— Что?
— Нет… ничего, — она не знала, что сказать и, продолжая улыбаться, пожала плечами.
— Всё хорошо?
— Да… очень… странно немного. Вот я… ехала в Петербург и…не думала, что встречу вас.
— Да как же вы могли про это думать, если мы вообще в Москве встретились.
— Правда… в Москве, — Ника засмеялась, она чувствовала настроение Виктора — лёгкое и весёлое, совсем не такое, как в поезде, или вчера в Летнем саду.
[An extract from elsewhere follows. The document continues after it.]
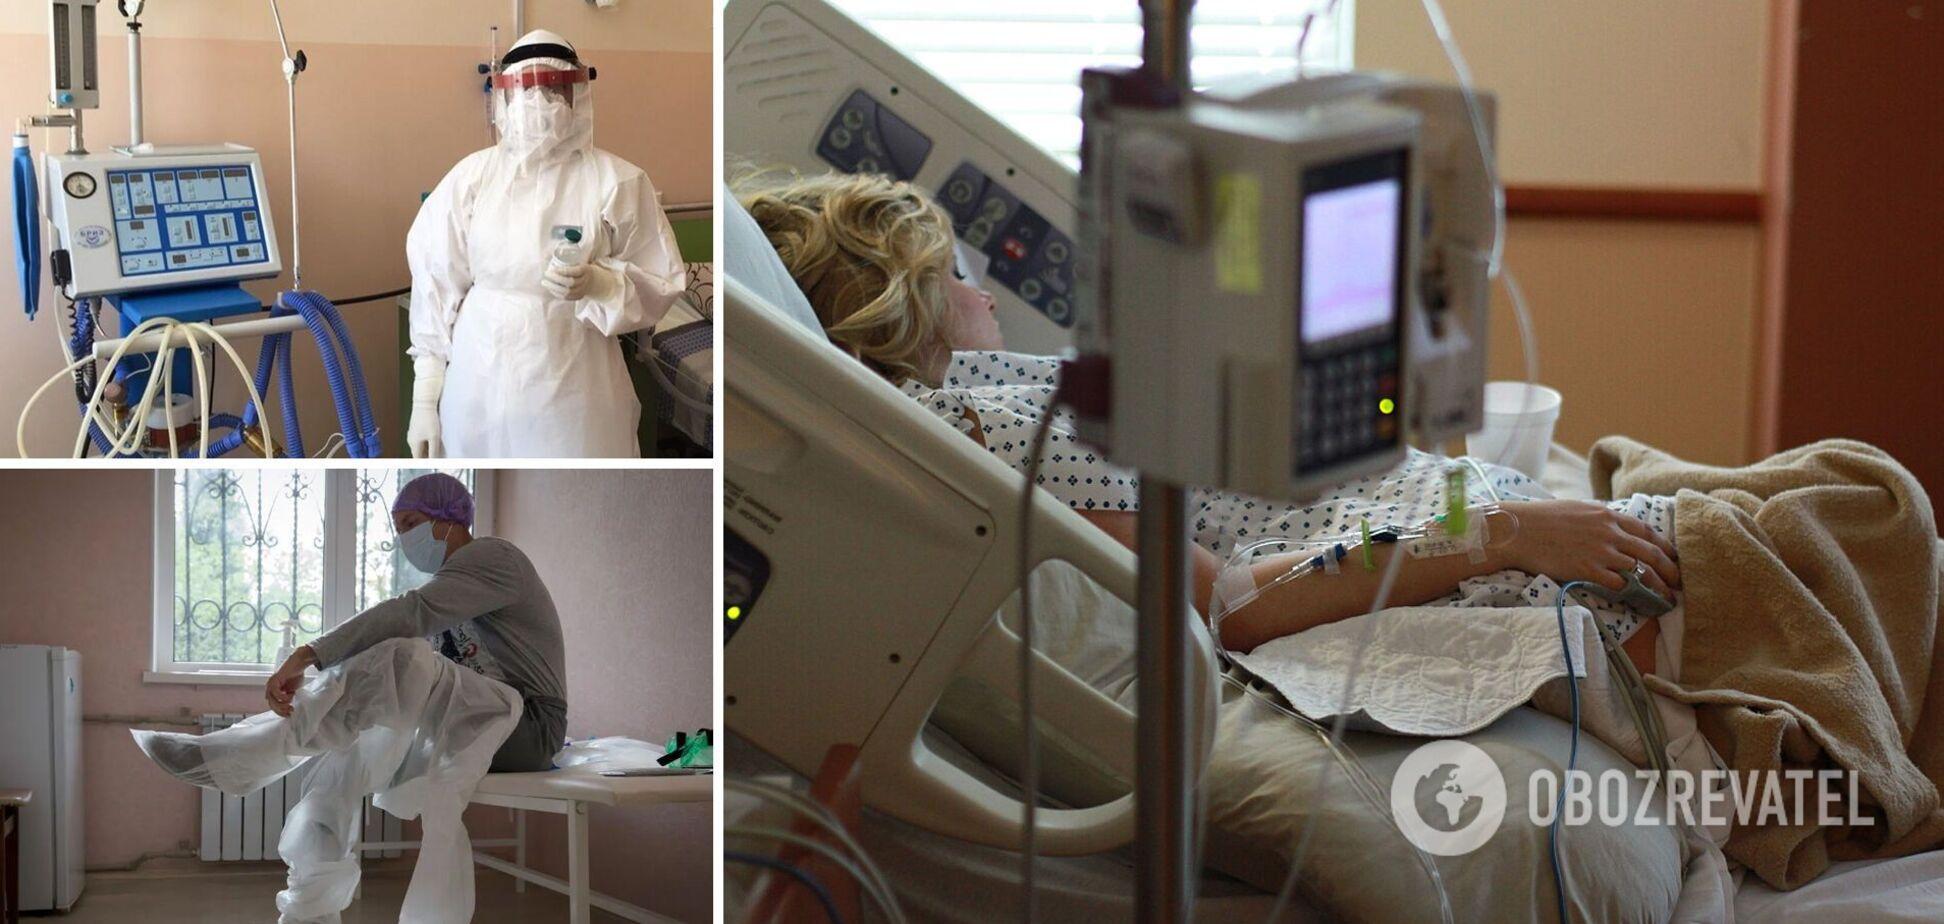 После ИВЛ умирают 9 из 10 украинцев с COVID-19: врачи пояснили тревожную статистику

Что-то изменилось.
Глава 7
Они всё ехали вдоль ограды парка, обогнули триумфальную арку.
— Вот так же сюда и цари въезжали, на обратной дороге прямо под аркой пройдём, она мне нравится даже больше, чем египетские ворота, — сказал Виктор.
Ника прильнула к окну и смотрела на парк — за оградой и деревьями на холме видна была круглая колоннада Аполлона, потом крутой спуск к реке, парк открывался с дороги живописным ландшафтом.
Они миновали мост через Славянку, в том месте, где река выходила за пределы парка, так же на возвышении стоял чудесный павильон с портиком и колоннами. Ника восторженно ахнула, когда увидала внутри беседки трёх мраморных граций.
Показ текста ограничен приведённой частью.